Majority of landlords now buy through limited companies – Foundation Home Loans

Professionalisation of the landlord sector has accelerated, with more property investors moving to limited company structures and specialist investments, research by Foundation Home Loans has found.

According to its Landlord Trends Q1 2025 data, carried out by Pegasus Insight, 60% of landlords planning to buy in the next year said they would do so through a limited company. 

Over the past five years, the share of properties held in limited companies rose from 36% in Q1 2020 to 66% in Q1 2025.

Landlords with at least one property in a limited company owned an average of 14.6 properties, compared to 5.2 among those with all properties in their own name.

The research found one in five landlords owned at least one house in multiple occupation (HMO), rising to one in four among portfolio landlords. 

6% held at least one holiday let, with this figure doubling for landlords with larger portfolios. 

Data also revealed that the average number of HMOs was 3.6, while those with holiday lets owned 1.6 on average. 

Among landlords with 11 or more properties, 29% had an HMO and 12% had a holiday let.

Rental yields stayed strong, averaging 6.3%, just below the 10-year high reached in Q3 2024. 

The research found 84% of landlords made a profit, with 17% reporting a large profit and 67% a small profit. 

For portfolio landlords with four or more buy-to-let (BTL) mortgages, 80% reported a profit despite higher costs.

Remortgage activity was expected to remain high through 2025, with 38% of landlords with BTL borrowing saying they intended to remortgage or carry out a product transfer within the next year. 

Meanwhile, portfolio landlords expected to refinance three mortgages on average, with three-quarters planning to choose a fixed rate. 

Of those, 32% said they would choose a 2-year fix and 35% a 5-year fix.

Additionally, research found that regulation was a key concern for landlords, with reform of possession laws, especially the planned removal of Section 21, cited as the main worry. 
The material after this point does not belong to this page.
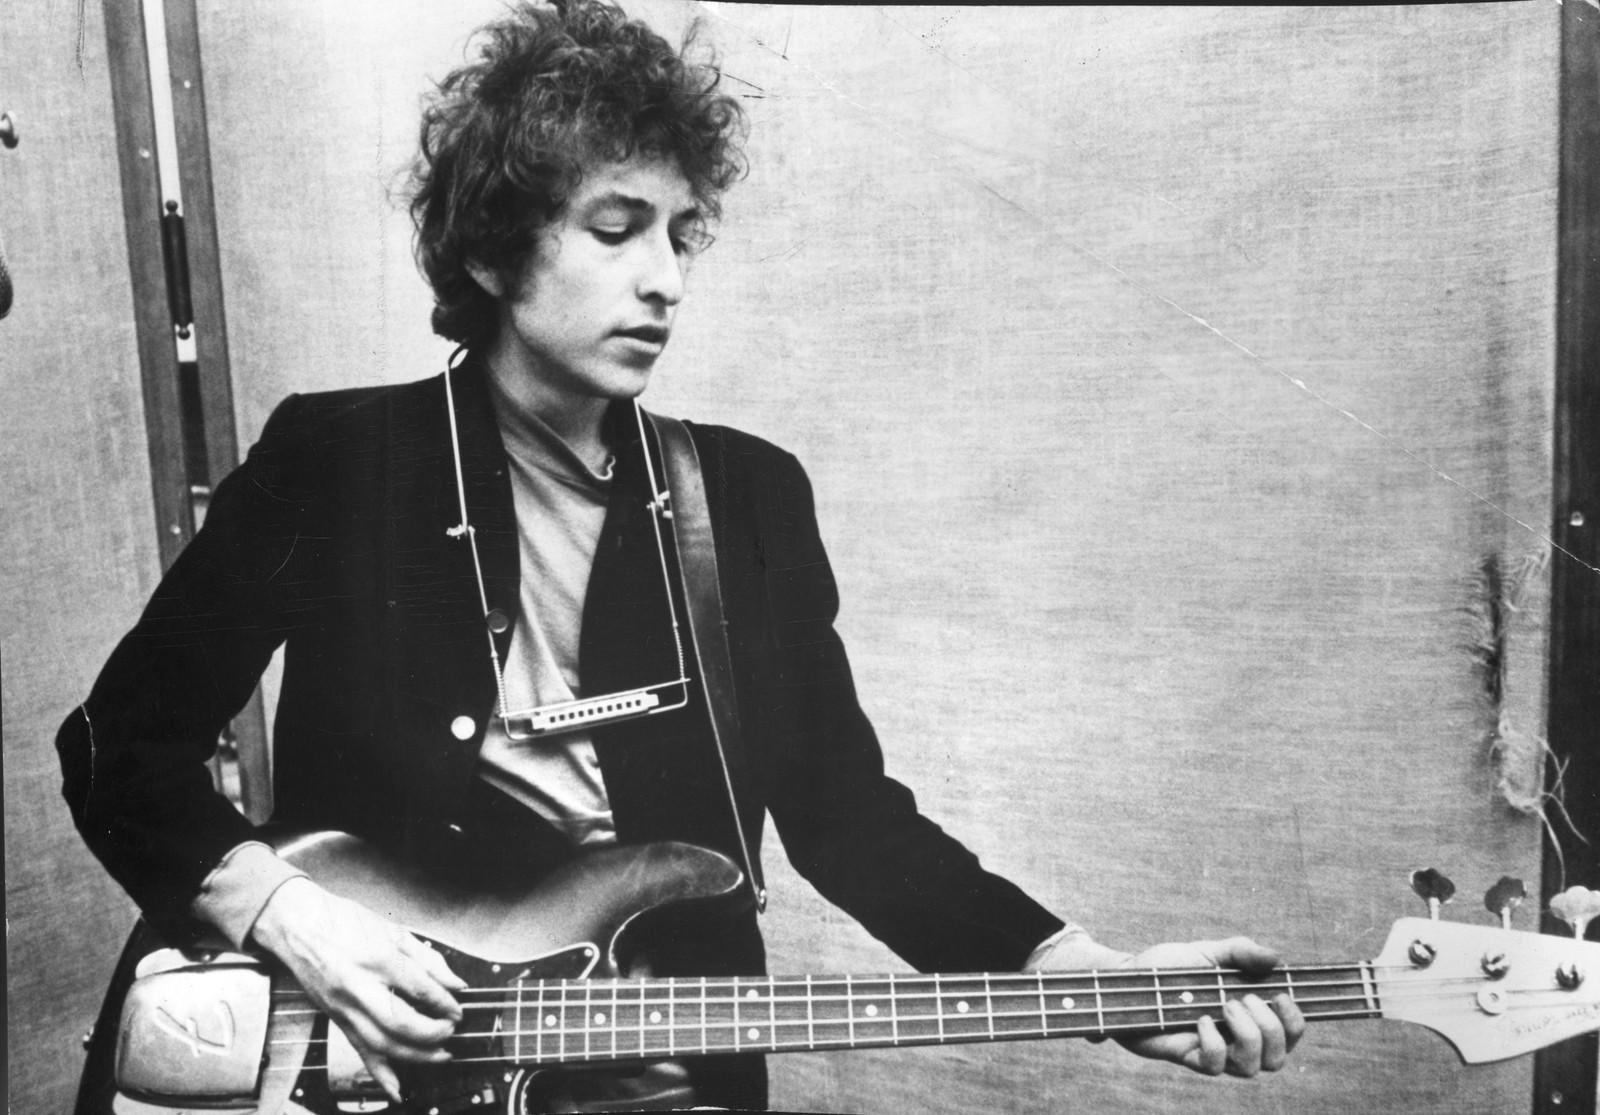 Et tidlig bilde av Bob Dylan som spiller bassgitar.
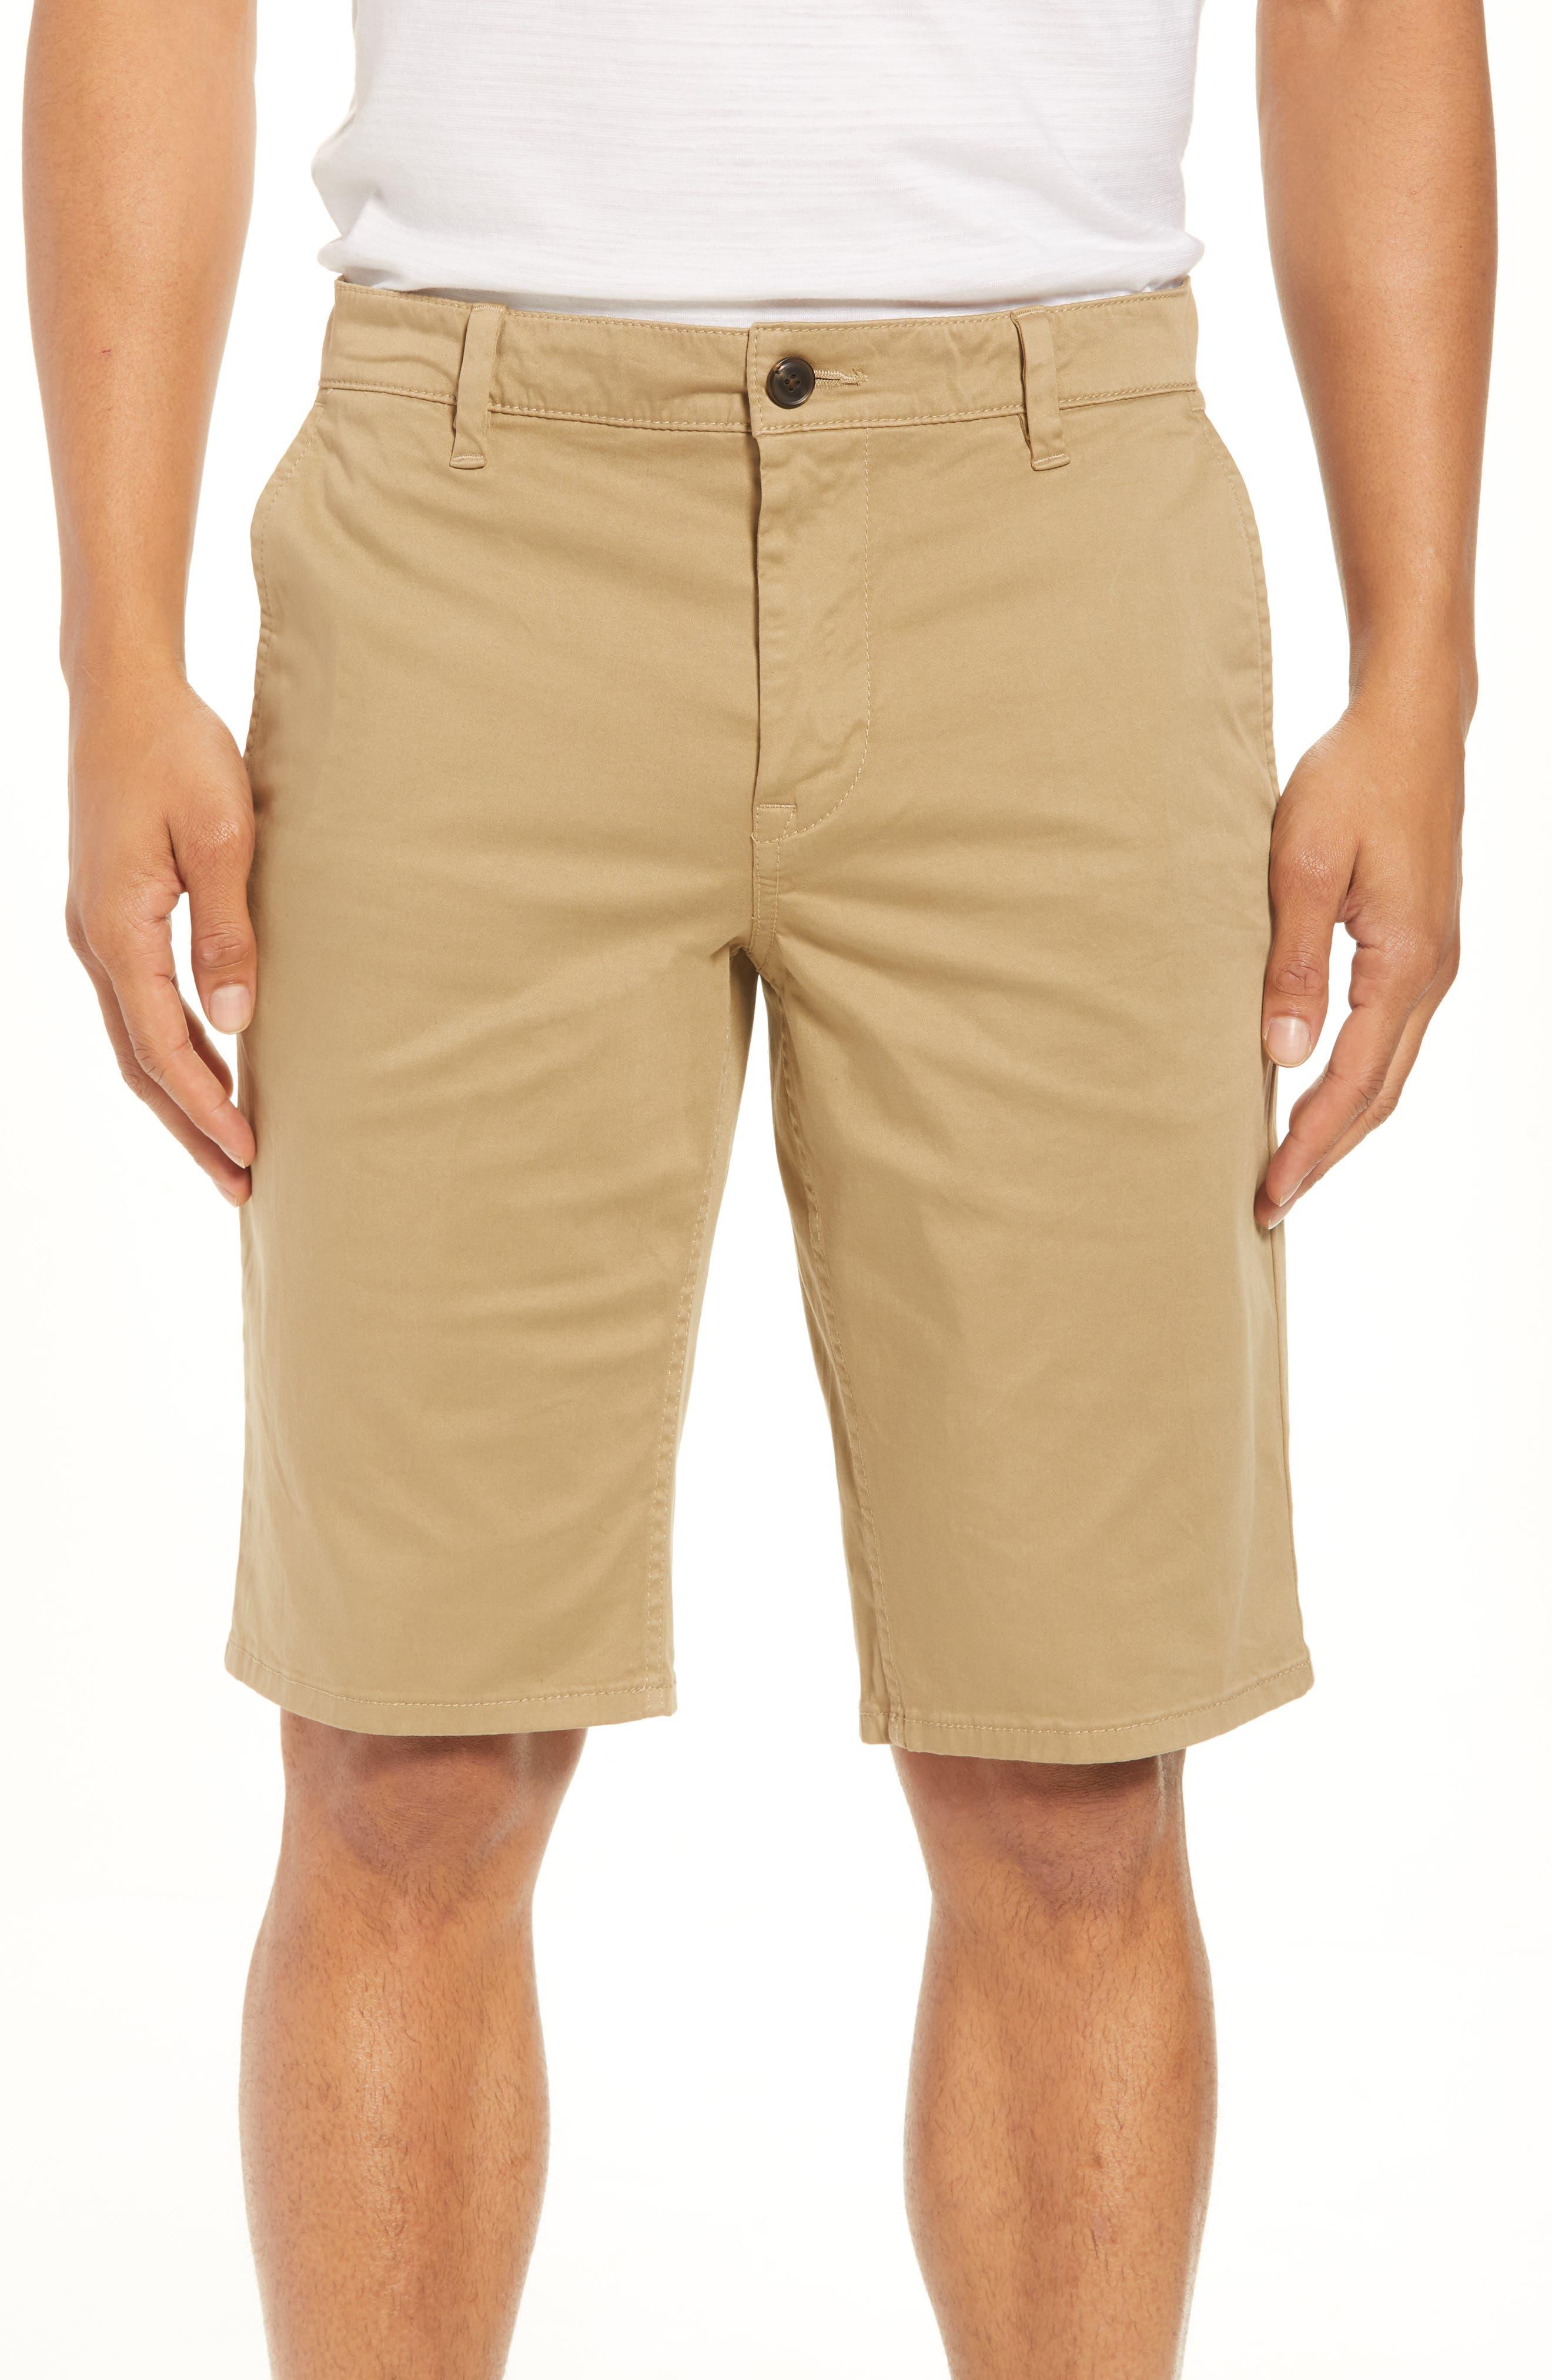 Slim Fit Shorts,                             Main thumbnail 1, color,                             200

There was also growing concern over future energy performance requirements and minimum energy efficiency standards. 

Landlords listed the cost of compliance, uncertainty around timescales, and a lack of support for supply as their main issues.

Grant Hendry, director of sales at Foundation Home Loans, said: “The story behind this quarter’s data is one of continuing evolution and resilience within the landlord community. 
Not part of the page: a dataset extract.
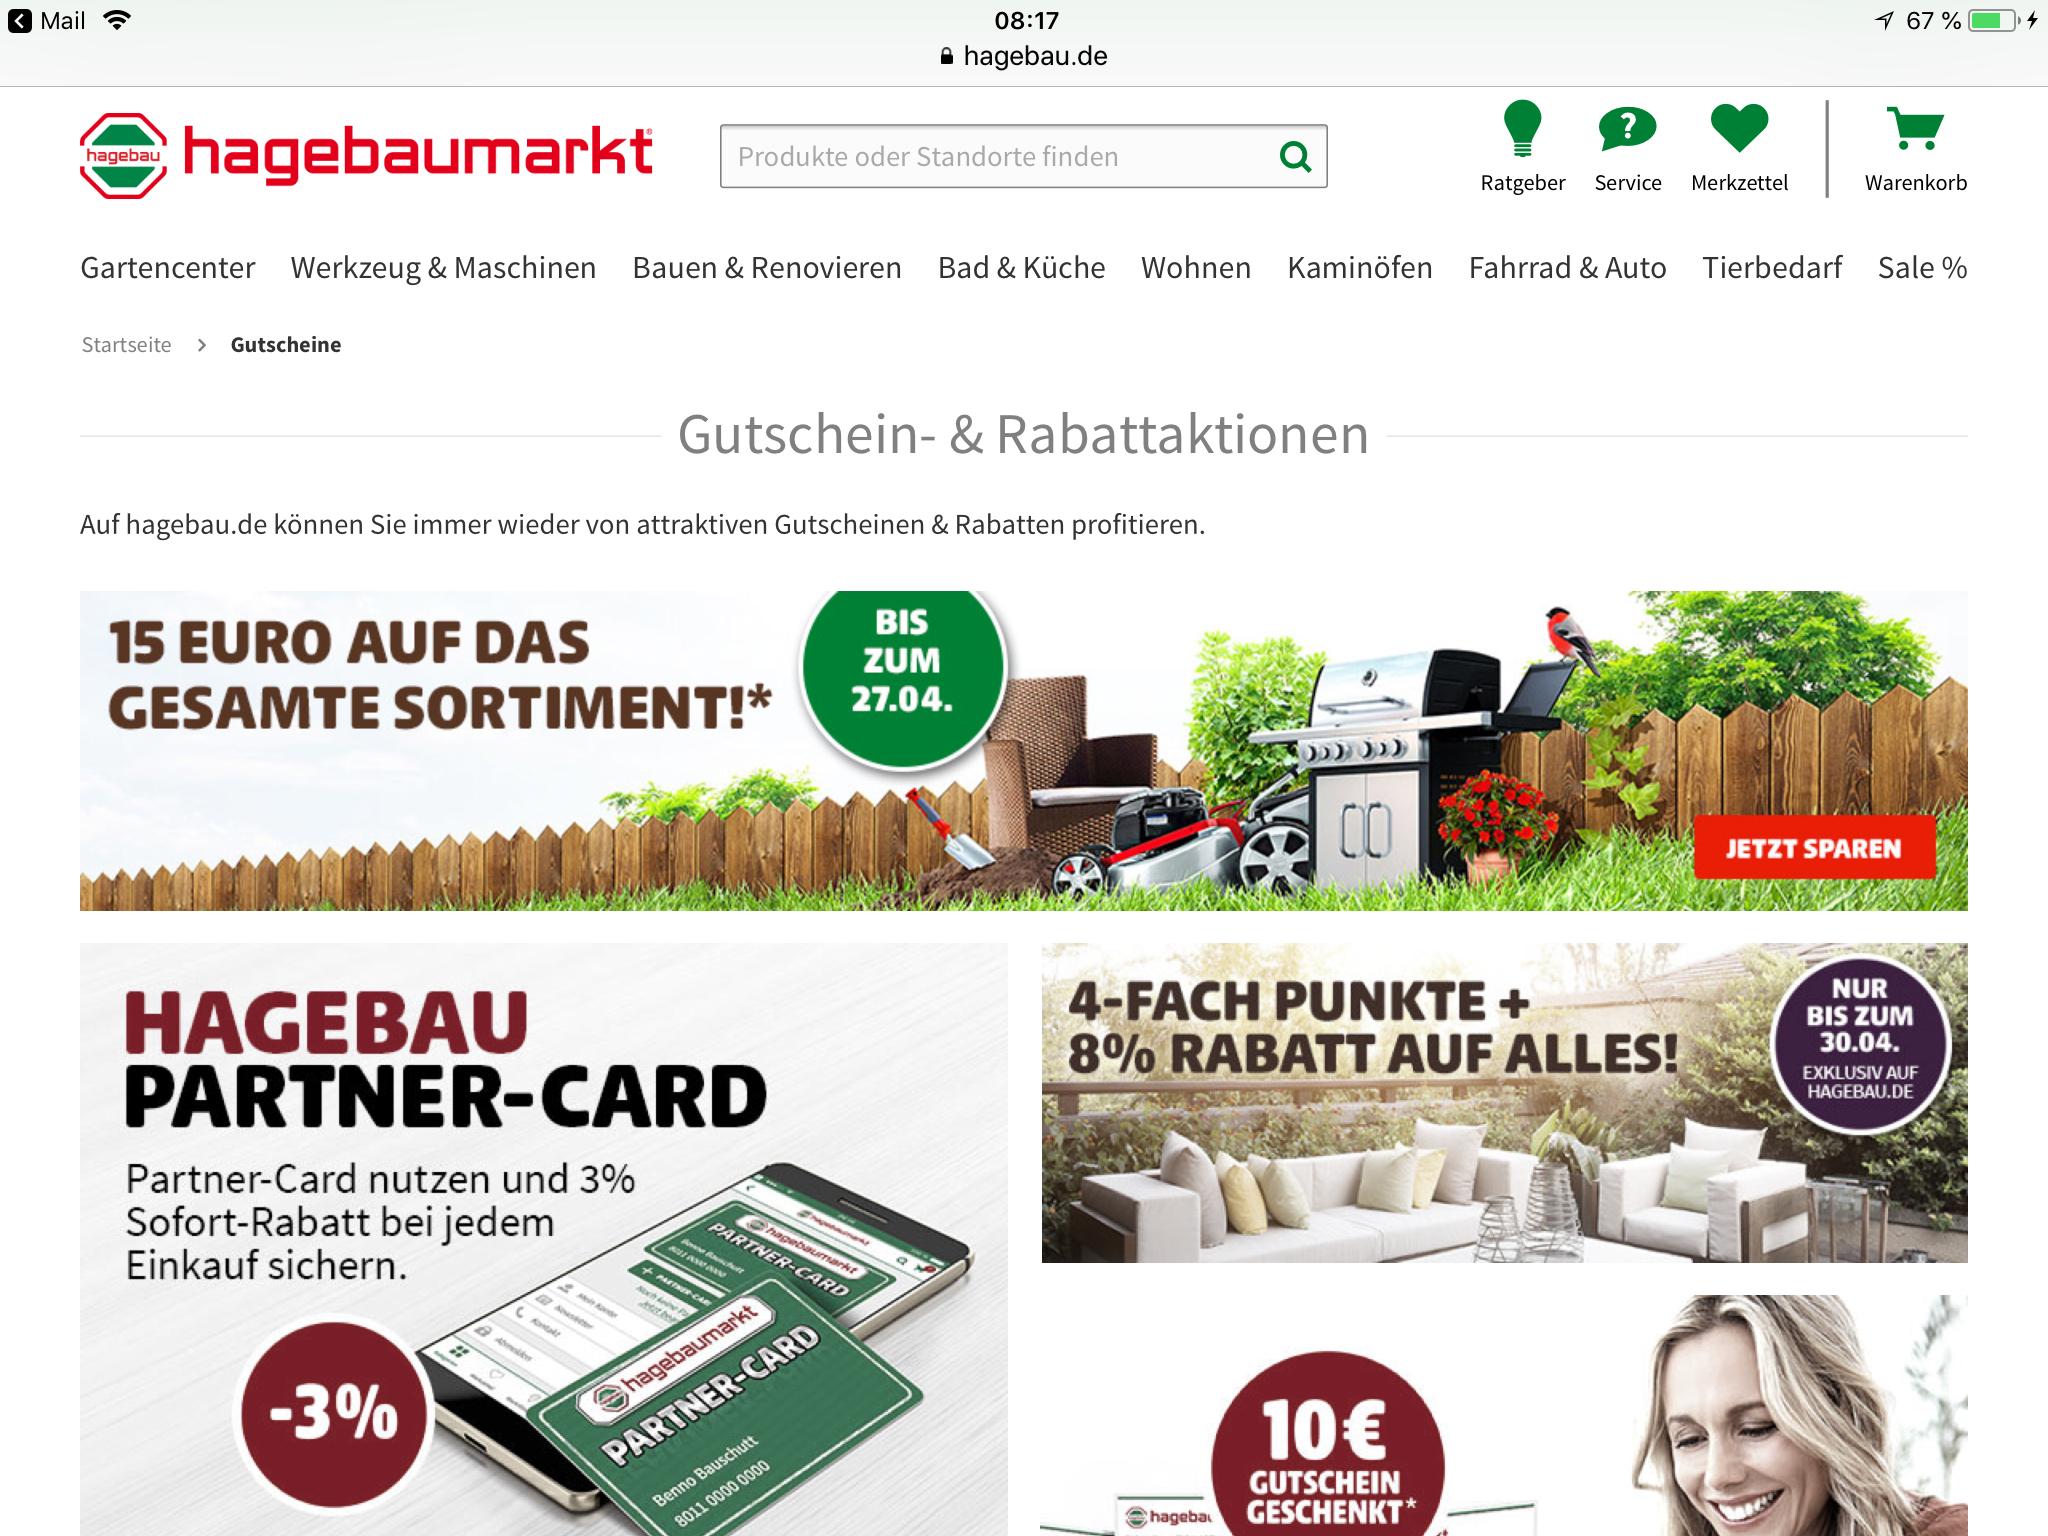 (Hagebau.de) €15 Gutschein / MBW 80,-

“Incorporation is no longer a niche strategy, it’s a mainstream structural approach, especially for landlords who are expanding or refinancing. 

“The fact 60% of those planning to buy this year intend to do so through a limited company reflects how embedded this behaviour has become.”

Hendry added: “Specialist property investment is also a major theme, and it is interesting to see that larger portfolio landlords are targeting areas such as holiday lets, more than doubling their holdings of these properties. 

“At Foundation Home Loans, we’ve certainly seen growth in holiday let mortgage demand due to a highly competitive product range, with criteria such as the utilisation of high, medium and low rental figures averaged over 39 weeks, maximum £2m loans, limited company availability and early remortgage, with no minimum income requirements.

“Whether it’s holiday lets, HMOs or multi-unit blocks, landlords are clearly broadening their portfolios in ways that demands deeper product expertise and flexible criteria.” 

He said: “This is where advisers and specialist lenders, like Foundation Home Loans, can offer tangible value through products designed specifically to support this kind of diversification.

“It’s encouraging to see landlord profitability remaining strong, with rental yields holding up exceptionally well given the broader economic context. 

“With 84% of landlords still making a profit and average yields of 6.3%, the market remains strong, particularly for experienced operators with well-managed portfolios.”

He added: “The remortgage opportunity this year remains very real; 38% of landlords with borrowing expect to refinance, many with multiple mortgages to review. 

“That’s a prime opportunity for advisers to deliver solutions that match landlords’ ambitions, particularly those seeking to release equity to grow portfolios.

“This is a moment where good advice and flexible lending can make all the difference. We’re committed to supporting advisers in delivering both.